Lightspeed sees parallels with the company’s early investments in Indian Energy Exchange – building a power trading platform the equivalent of which did not exist in Western markets. “My view is that right now we are in a phase with AI where a lot of the infrastructure and some of the tools are being built. This mainly happens in Silicon Valley. It actually reminds us that the concentration of technical talent in Silicon Valley is unprecedented,” Somaia said.
“Since investing in India, we have seen limited innovation in basic technical infrastructure. Most opportunities tend to be at the application layer – for individuals and businesses. There are many reasons for this, including market dynamics and the investment community, where we have few technically sound investors… so it’s a bit of a chicken and egg situation,” he added. .
Lightspeed partner Hemant Mohapatra focuses on deeptech and has backed startups like Rephrase, one of the first generative AI startups, and Sarvam, large language model AI startup.
Mohapatra acknowledged that access to top AI talent is limited globally.
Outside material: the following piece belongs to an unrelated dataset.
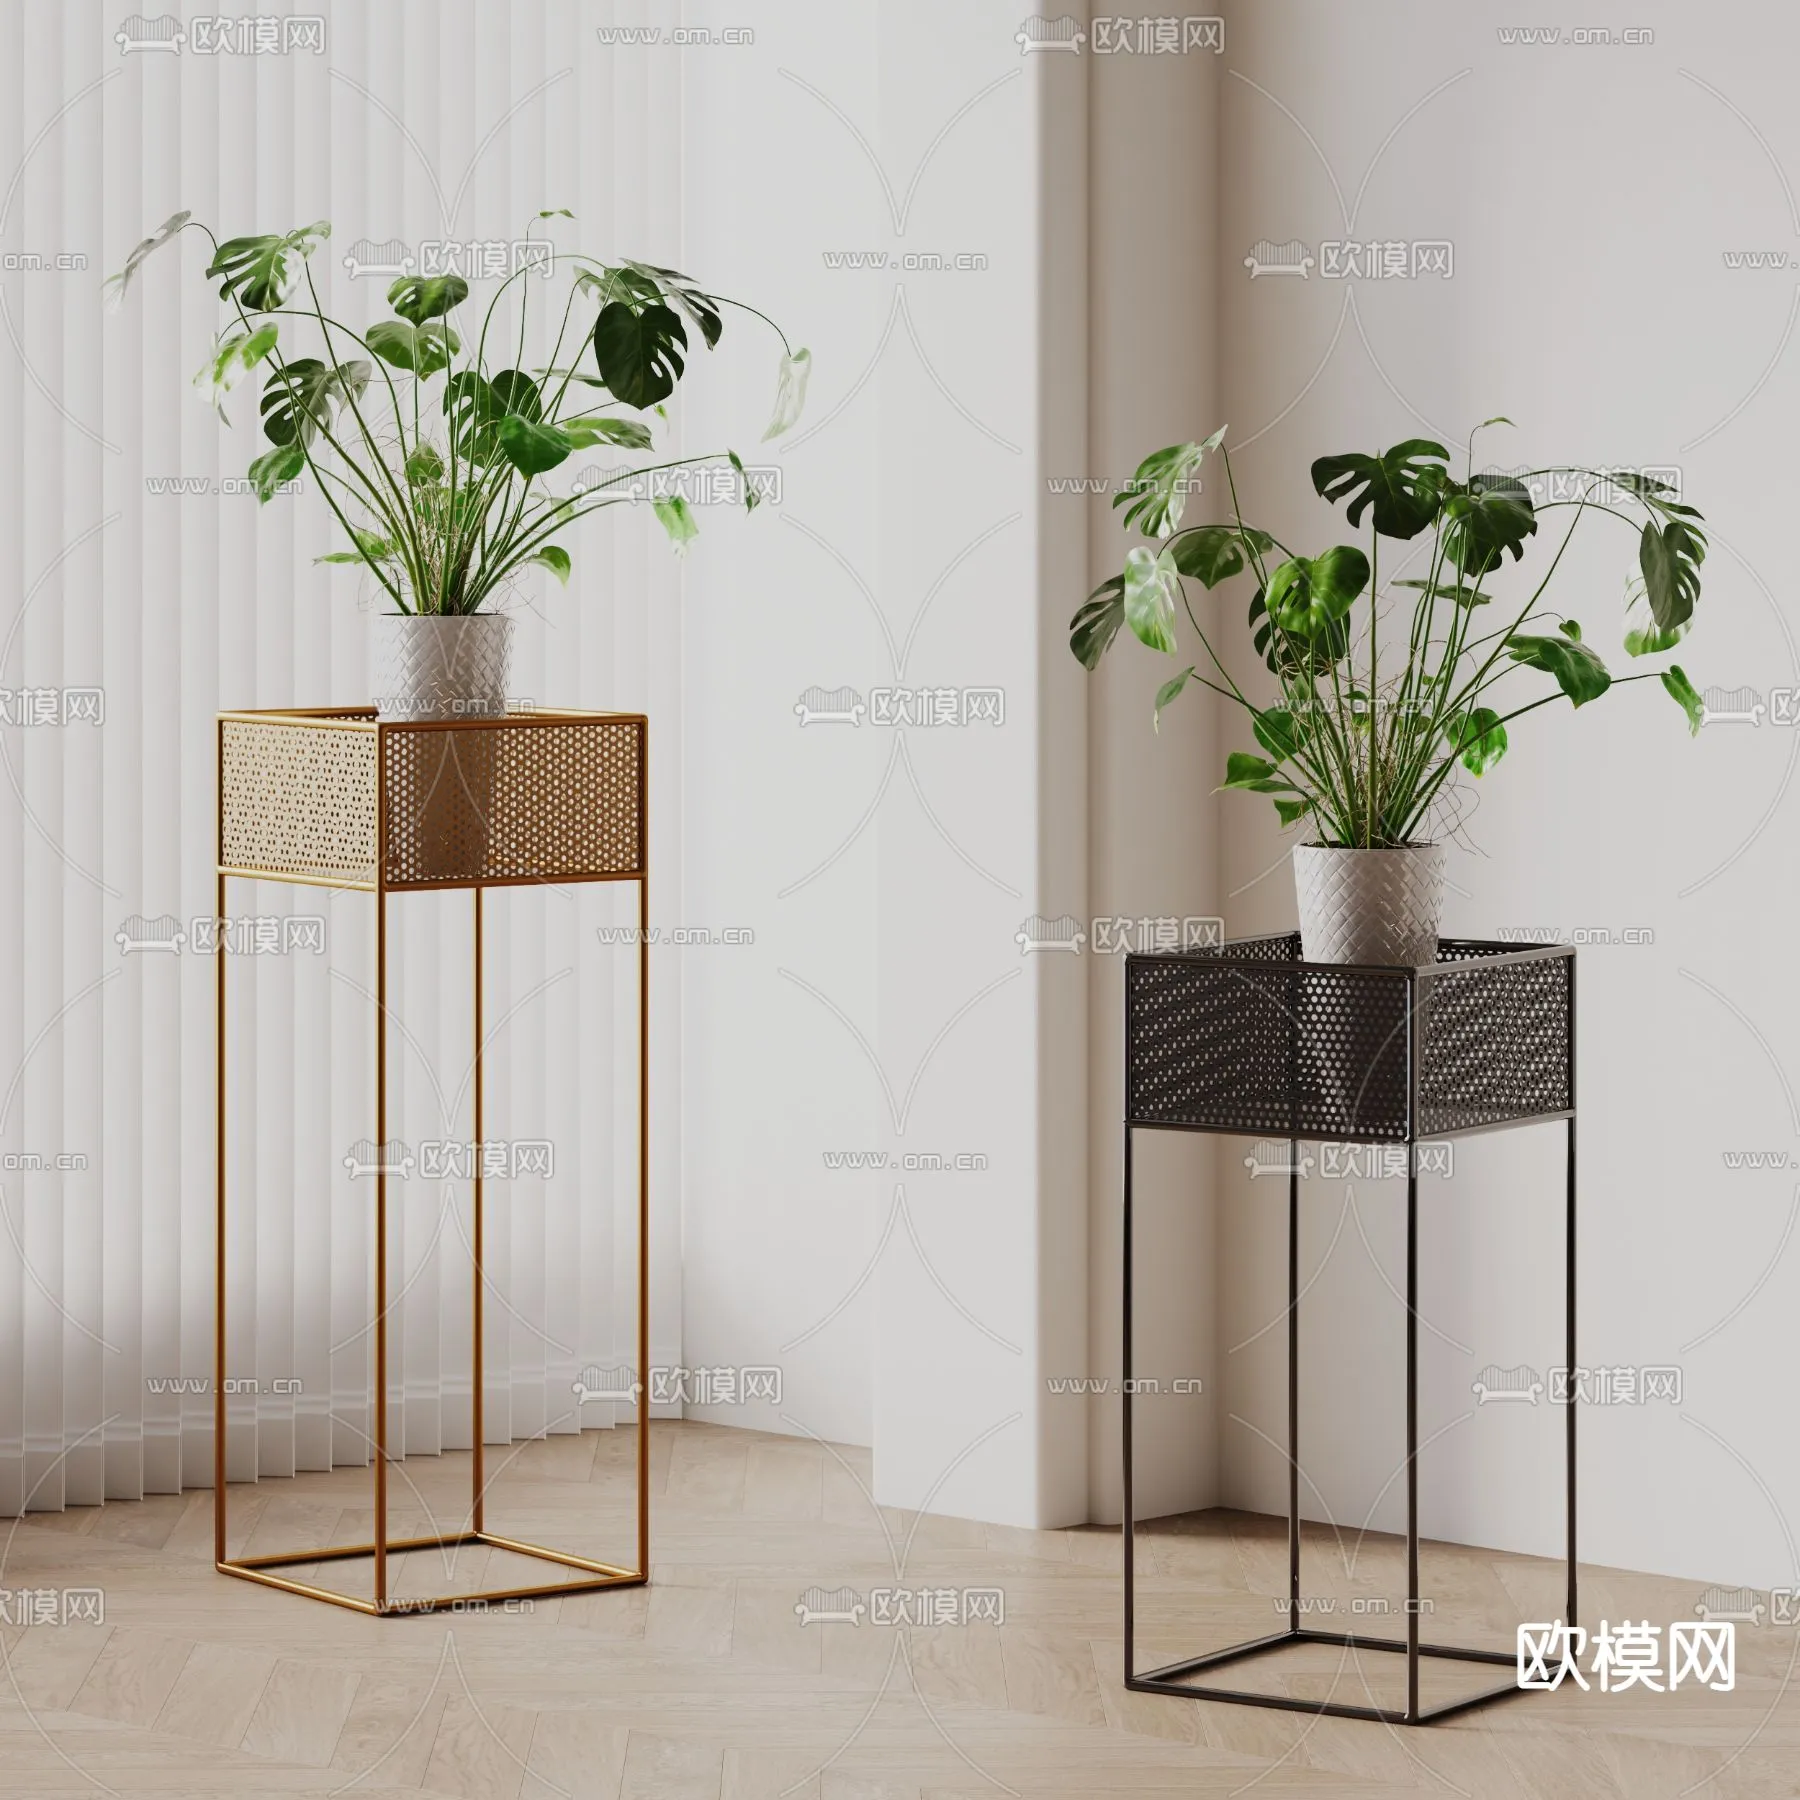 Plant – VRAY / CORONA – 3D MODEL – 420

But like the cloud computing disruption, he predicts consolidation around a few AI technologies and business paradigms once the current hype subsides. Given India’s engineering capabilities, targeted AI opportunities could still emerge locally, even if Silicon Valley retains its overall innovator dominance, he said.
Patient capital
Many investors in India are concerned that several late-stage startups continue to push for takeovers, exhausting their leads before accepting post-recession realities.
Anuj Bhargava, Lightspeed’s managing director and head of the company’s India development, told TechCrunch that he sees progress toward aligning with public markets. “I think this is the year where the financing that will take place will be more synchronized with the public markets. For growing companies, private markets have been slow. But for names that have really improved their PnLs, reduced burn and are on sustainable unit economics, I think the public markets offer a big opportunity,” he said.
India has also seen growing interest from sovereign wealth funds over the past three years, on a scale never seen before, he said, adding that he was optimistic about their investment in many late-stage startups. advanced stage. “We had many funds that were not based in India, but were investing in India because of the opportunities the country offered them outside of their own. Many companies ended up raising funds that didn’t justify their size or progress. Over the past few years, some aggressive investors have not invested as much in India, creating a vacuum,” he said.
“This void has been filled by patient capital: sovereign funds have been very calm in 2020 and 2021; pension funds that were either discreet and probably had not invested much in India before; and growth arms of private equity funds, many of which did not invest heavily in technology before. So these three pockets of capital are mature, long term and patient and I anticipate we will see more activity from them in the future.
Even though late-stage funding remains significantly constrained, some investors see bright spots in India’s early-stage ecosystem. Peak XV, Lightspeed, Elevation, Accel and Nexus signed more than a dozen startup deals in January alone, according to a person familiar with the matter.
“While many in the ecosystem are busy guessing when winter will be over, we however believe there is no better time to build (and invest) than now,” said Rahul Taneja , partner of Lightspeed.
Qualified talent and eager capital remain accessible at early stages, he said. “The quality of founders is much better: people leaving their jobs really believe in their ideas and are ready to take the plunge in what most would call a “slow year.” Access to high-quality talent is much better and capital allocators have been waiting to make bolder bets. Every day we meet exceptional founders in the early stages of building a business – and we realize how lucky we are to be able to support the digital growth of India and Asia from the South-East.